▸ Records from a data collection:
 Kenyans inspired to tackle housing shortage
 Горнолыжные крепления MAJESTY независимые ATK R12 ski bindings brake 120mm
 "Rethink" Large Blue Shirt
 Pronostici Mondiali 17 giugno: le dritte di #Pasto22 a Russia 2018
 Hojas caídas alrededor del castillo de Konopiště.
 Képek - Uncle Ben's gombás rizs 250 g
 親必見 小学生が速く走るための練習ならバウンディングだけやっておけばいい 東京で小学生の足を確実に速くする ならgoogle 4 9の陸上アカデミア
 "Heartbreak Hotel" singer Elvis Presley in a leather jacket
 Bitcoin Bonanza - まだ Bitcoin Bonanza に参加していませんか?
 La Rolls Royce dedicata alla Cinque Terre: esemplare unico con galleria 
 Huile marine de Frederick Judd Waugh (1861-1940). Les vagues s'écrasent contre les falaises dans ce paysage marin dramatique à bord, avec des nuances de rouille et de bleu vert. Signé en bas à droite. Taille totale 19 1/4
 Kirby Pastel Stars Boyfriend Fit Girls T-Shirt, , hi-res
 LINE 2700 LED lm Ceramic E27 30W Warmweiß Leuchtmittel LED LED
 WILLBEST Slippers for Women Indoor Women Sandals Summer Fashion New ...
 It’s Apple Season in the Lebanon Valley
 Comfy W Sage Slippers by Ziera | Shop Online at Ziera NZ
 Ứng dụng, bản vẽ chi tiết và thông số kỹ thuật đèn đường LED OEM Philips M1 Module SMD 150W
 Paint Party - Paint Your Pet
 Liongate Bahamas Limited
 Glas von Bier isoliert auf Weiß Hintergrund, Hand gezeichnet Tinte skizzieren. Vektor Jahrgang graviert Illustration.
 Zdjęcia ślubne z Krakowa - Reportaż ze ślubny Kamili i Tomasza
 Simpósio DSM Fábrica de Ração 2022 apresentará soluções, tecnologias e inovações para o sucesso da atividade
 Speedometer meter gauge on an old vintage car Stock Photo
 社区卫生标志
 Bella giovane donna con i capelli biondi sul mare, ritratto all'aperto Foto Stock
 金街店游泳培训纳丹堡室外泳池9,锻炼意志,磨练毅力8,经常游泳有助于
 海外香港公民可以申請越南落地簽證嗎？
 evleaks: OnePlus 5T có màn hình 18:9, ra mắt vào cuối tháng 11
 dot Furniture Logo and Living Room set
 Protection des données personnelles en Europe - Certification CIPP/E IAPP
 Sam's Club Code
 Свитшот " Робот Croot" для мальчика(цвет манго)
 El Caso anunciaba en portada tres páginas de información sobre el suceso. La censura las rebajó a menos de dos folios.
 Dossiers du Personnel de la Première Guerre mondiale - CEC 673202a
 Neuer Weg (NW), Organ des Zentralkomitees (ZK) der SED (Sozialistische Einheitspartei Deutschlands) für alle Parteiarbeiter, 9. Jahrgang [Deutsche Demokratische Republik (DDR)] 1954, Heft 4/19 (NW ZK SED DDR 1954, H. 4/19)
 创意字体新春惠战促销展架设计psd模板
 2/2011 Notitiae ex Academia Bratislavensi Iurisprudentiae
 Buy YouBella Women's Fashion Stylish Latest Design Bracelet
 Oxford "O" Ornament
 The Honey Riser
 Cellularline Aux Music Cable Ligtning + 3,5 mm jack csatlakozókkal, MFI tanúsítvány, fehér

▸ WHAT YOU WILL DO: Examine the records and pull out every line where the string "Women" occurs.

▸ ANSWER BOX:
 WILLBEST Slippers for Women Indoor Women Sandals Summer Fashion New ...
 Buy YouBella Women's Fashion Stylish Latest Design Bracelet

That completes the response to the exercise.